6                     The Tribunal made the following relevant findings:

“I accept that the applicant had been publicity secretary for the BNP at his college and later in his BNP Dhaka suburban branch over a period of years. 

. . .

I find, in short, that the applicant had a stature commensurate with his position in the party, which is to say that he was a minor party official.  As a minor party official, or even as a party activist of no rank, I accept that the applicant was threatened and abused by rival parties, that his clubhouse had been burned down, that his sister had been injured in a Molotov cocktail attack aimed at him, and that he could be at risk of future harm if he returned to Bangladesh and took part again in politics.”

 

7                     I pause to observe that this is a strong factual finding, in the applicant’s favour, of past and likely future harm.

8                     In the next paragraph of its reasons the Tribunal acknowledged that:

“… as a party official of minor standing the applicant experienced violence in confrontations with the AL while taking part in BNP activities such as propaganda or attending rallies …”


9                     The Tribunal then rejected claims that Awami League members would be targeting the applicant’s home even in his absence.  It gave its reasons for that particular finding and I see no legal error in that regard.  The Tribunal then said this:

“In relation to the harm that I accept did occur, and could occur in the future to the applicant were he to become active in politics once again on return to Bangladesh, I find that such harm occurs not because supporters of the BNP are persecuted for their political opinion but because of the general level of violence in Bangladesh affecting all parties.  [I think it is clear from the context that the Tribunal was referring to political parties].  Independent evidence shows that Bangladesh politics is of a “rough-and-tumble nature” and is pervaded by violence and that opposition parties use actual or threatened violence to enforce general strikes at national and local level [citing sources].

. . .

The Department of Foreign Affairs advises that political violence in Bangladesh:

         … appears to be a result of fighting between different factions of political parties or student organisations and largely seems to revolve around retaliation killings, retaliation attacks and personal vendettas rather than as a result of political movement or political suppression by one group against another or by the Government against Opposition parties.

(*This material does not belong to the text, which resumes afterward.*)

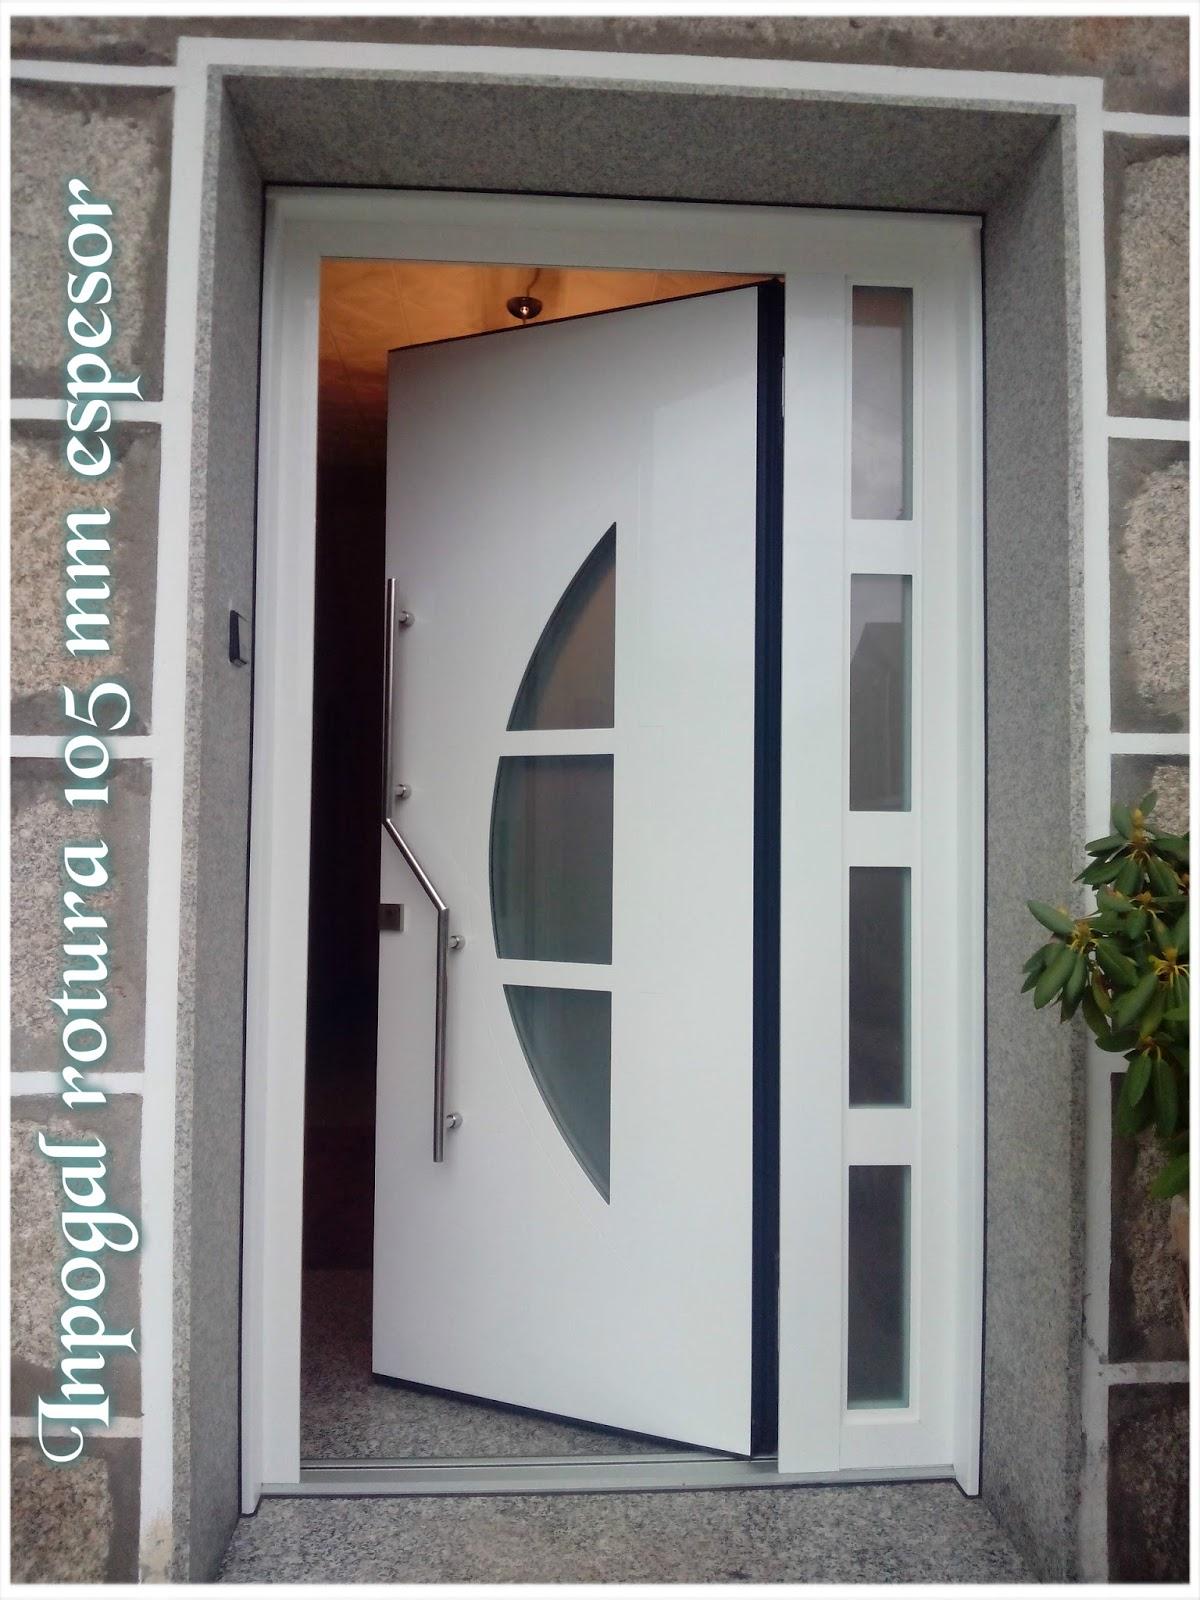 Puertas aluminio inpogal puertas de rotura serie prestige - Puertas de exteriores ...

            - CIS Country Information Report No. 497/96 of 7/6/98, CX 17304.

 

The Tribunal finds, on the independent evidence, that violence in Bangladeshi politics is endemic and that being harmed in such violence does

      *    not of itself demonstrate that one party or the other is persecuted.  It is pertinent to note that the independent evidence cited above supports the non-binding observation of Hely J in a separate case involving a Bangladeshi, Rahman v MIMA [1999] FCA 73, 10 February 1999, that:

         The fact that all political parties are from time to time involved in armed clashes with the police and with each other, as part of the political milieu of Bangladesh, does not mean that there is persecution within the meaning of the Convention, because the violence lacks the selective or discriminatory quality which is inherent in the notion of persecution, and because it lacks the requisite “official” quality in the sense that it is official, or officially tolerated, or uncontrollable by the authorities of Bangladesh. (at 10)

On the independent evidence above, therefore, I find that simply being threatened and involved in violent altercations and armed clashes with rival

      *    parties is common among all parties in Bangladesh and does not of itself establish that the applicant has been persecuted or at risk of persecution.  Even the fact that the applicant had a Molotov cocktail thrown at his home

      *    does not in itself establish that he is being persecuted given that his own party throws Molotov cocktails/bombs at its rivals (sources cited) …Despite the general level of violence there is no independent evidence to support the applicant’s claim that “opposition leaders are killed in their hundreds in Bangladesh”.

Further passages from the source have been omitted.